Purpose : This study examined the factors influencing posttraumatic and conflict management styles for nursing performance in intensive care units (ICUs). Methods : In this study, 250 nurses from eight general hospitals in three cities participated. Structured self-report questionnaires were used to collect data on posttraumatic, conflict management styles, and nursing performance. Finally, the data were analyzed by SAS 9.3 program. Results : The mean of total sum scores was 31.29, and the high risk of posttraumatic symptoms was 61.2%. It was noted that nursing performance is significantly correlated with collaboration, compromise, accommodation styles, and intrusion.
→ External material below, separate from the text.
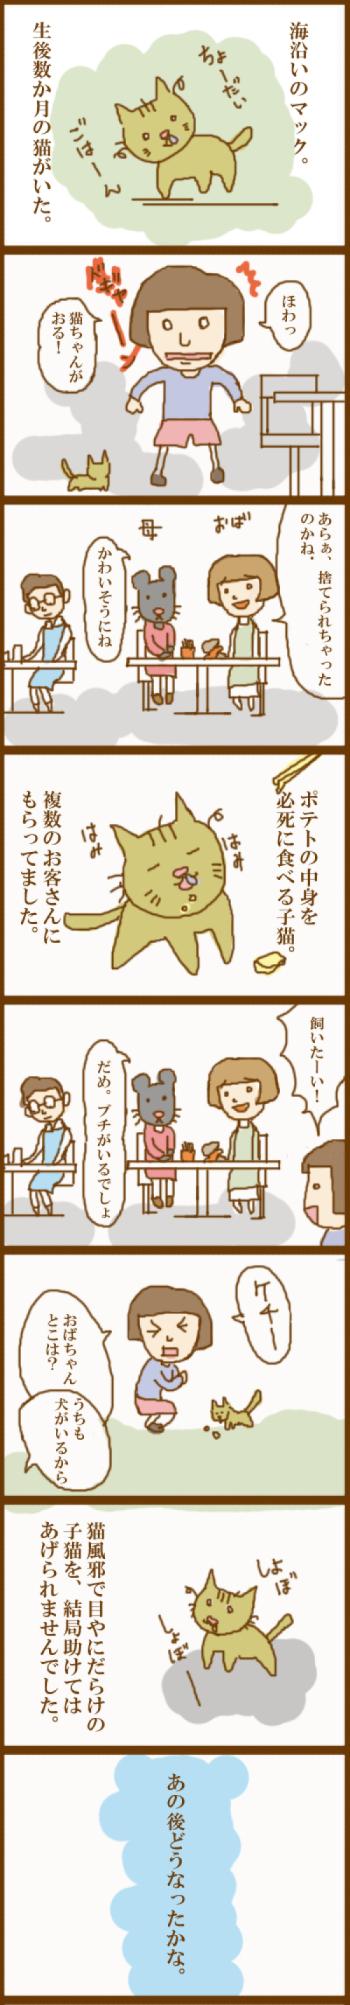 f:id:suzuokayu:20201011194021j:plain
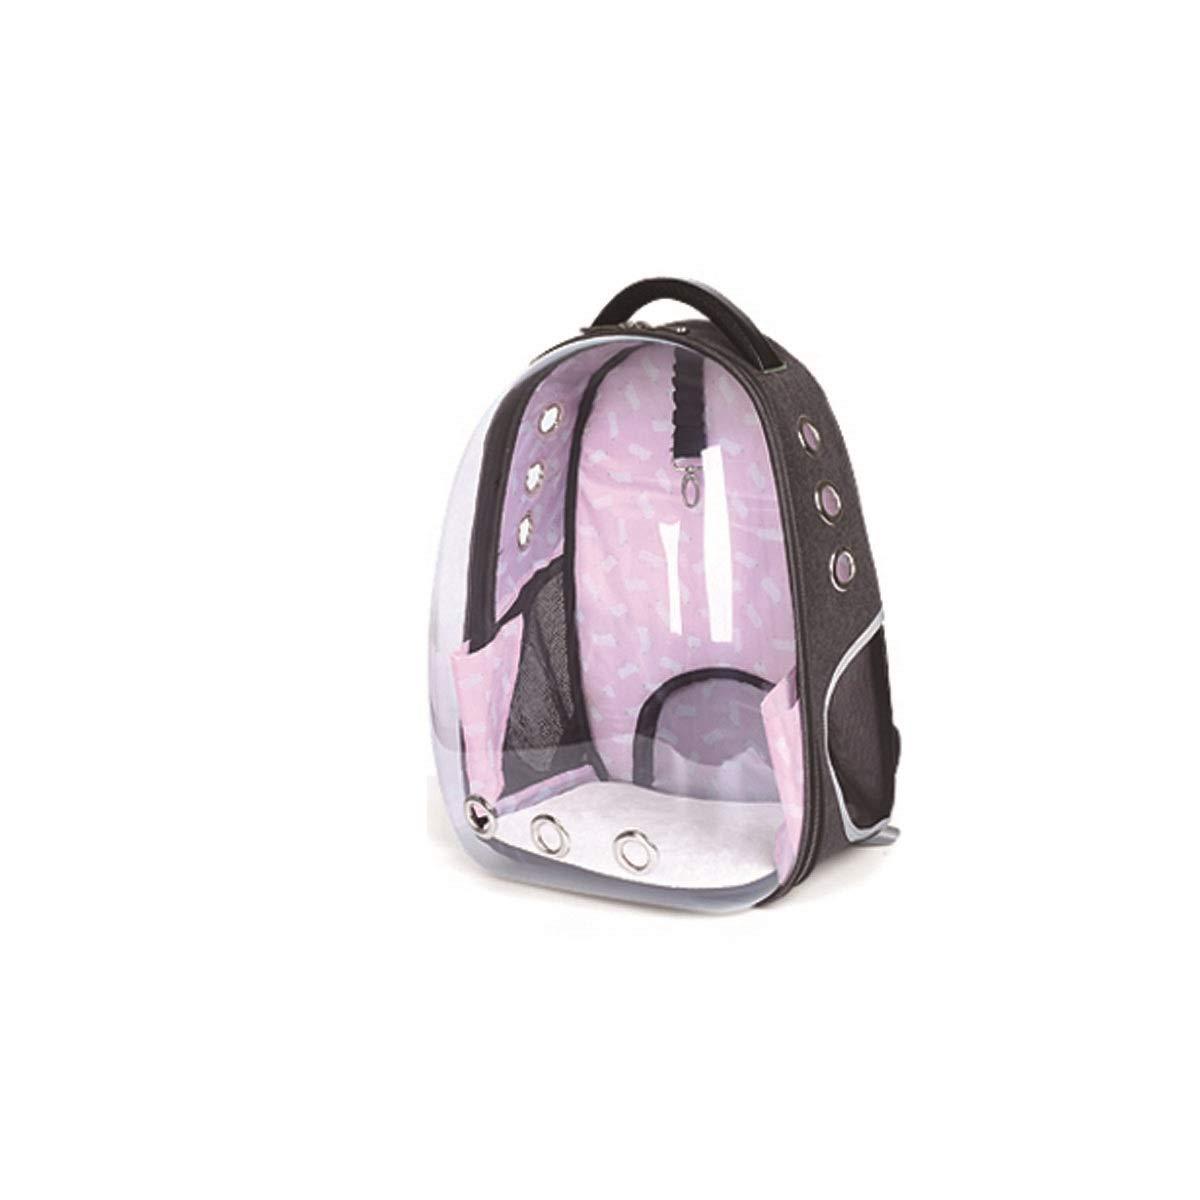 HENGTONGTONGXUN Portable Breathable Pet Carrier, Backpack Outing Cat Carrier, Pet Backpack Carrier, bluee, Green, Black, Purple, Pink Bite resistant, wear resistant, washable (color   Pink)

Collaboration styles (${\beta}=0.39$, p<.001) and hyperarousal (${\beta}=-0.22$, p=.050), ICU experience below 1 year (${\beta}=-0.21$, p=.027) and that of 5-10 years (${\beta}=-0.19$, p=.049), and compromise style (${\beta}=0.16$, p=.049) were found to be the factors influencing nursing performance with 35.9% explanatory power value of regression model. Conclusions : The results of the study reveal that conflict management styles, hyperarousal, and ICU experience are factors predicting the successful performance of ICUs. These findings emphasize the need of developing interventions to reduce stress symptoms and conflicts in ICUs.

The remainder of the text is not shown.